Current Alaska EM program review costs are between $198 and $332 USD per day. This puts the review cost of a 10-day trip at $1,980 to $3,320 USD. AI-assisted review can reduce these costs potentially as low as $1,069 to $1,793. For the 140 vessels in the fleet this potentially represents program cost savings of $127,540 to $213,780 assuming only one trip is taken per year. We know that 75% of the Alaska fixed gear fleet fishes 1 – 3 trips per year.

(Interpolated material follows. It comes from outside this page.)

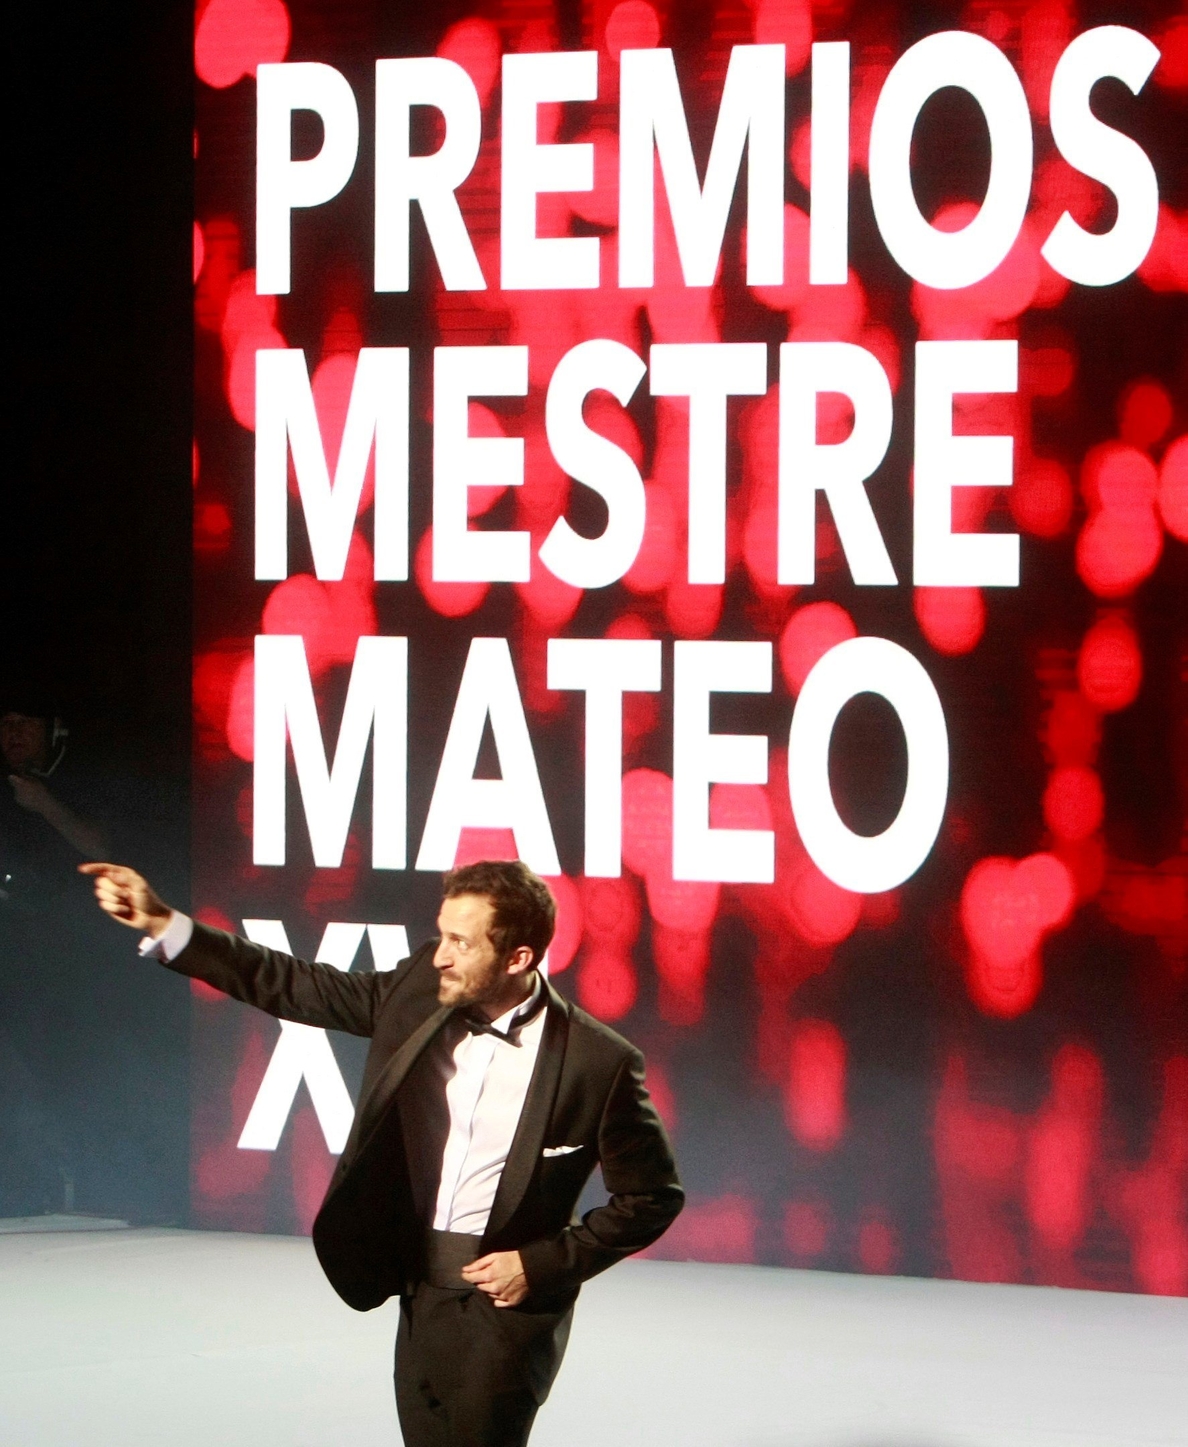 Dhogs arrasa en la gala del audiovisual gallego con 13 premios Mestre Mateo
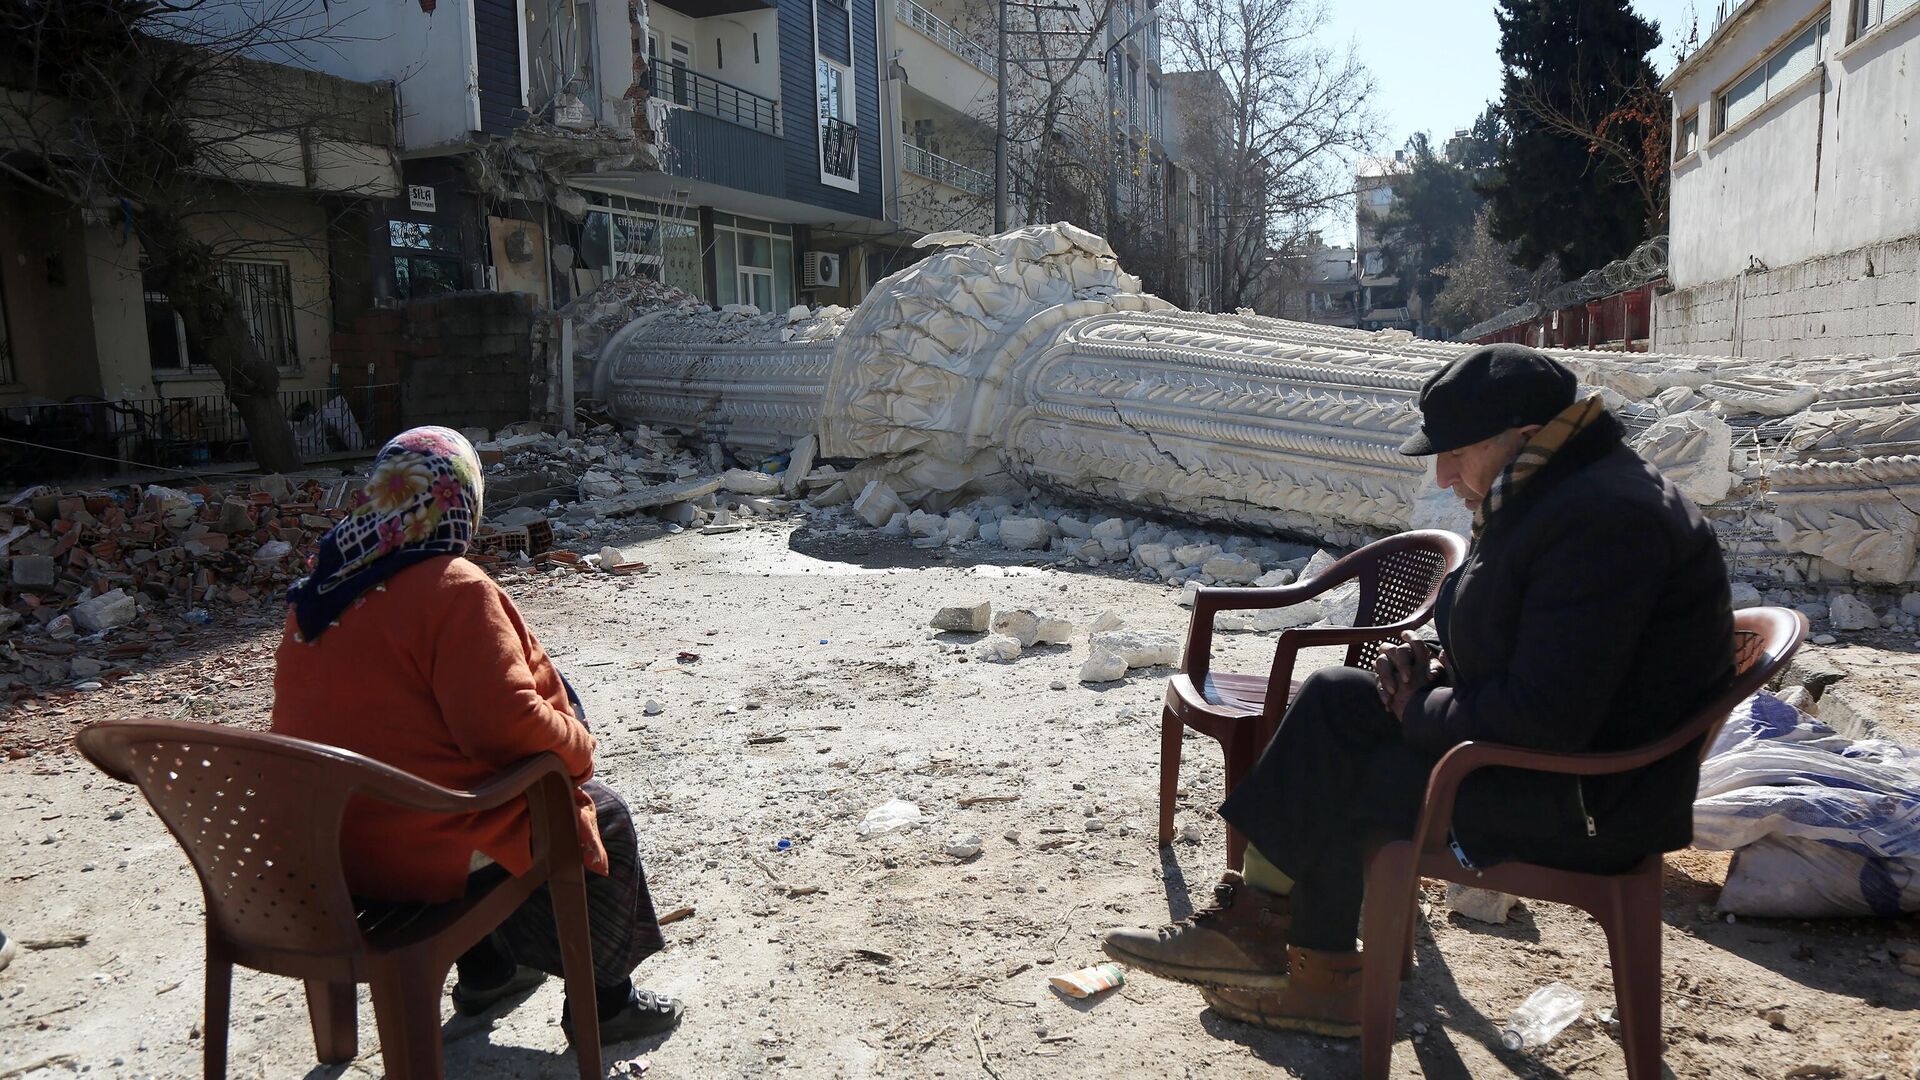 Жители на улице пострадавшего от землетрясения турецкого города - РИА Новости, 1920, 20.02.2023

A faster turnaround of results from AI-assisted EM review due to our time savings, enhances the benefit of the program with respect to fishery management as it can provide information supporting quota management closer to real-time. Better quota adherence in any given year improves the sustainability of the fishery and maximizes fisher revenues.
Overall our results are highly promising. They prove that AI can be used effectively to substitute a human reviewer with substantial time and cost savings to EM programs. This project demonstrates that AI-assisted EM review improves the scalability of EM which is a gateway to improving adoption rates globally and domestically.
Our API is commercially ready for use by any EM vendor. Our cloud-based analysis includes sophisticated algorithms for tuna longline fishing and the algorithms developed for Alaska fixed gear. We continue to work on enhancements to our algorithm performance and processing time. For fisheries not yet using EM systems, Ai.Fish offers a web-based review software product that can be used to perform AI-assisted review. Our team continues to tackle new opportunities in ocean conservation and commercial fishing that will benefit from computer vision assistance. The future of fisheries is here.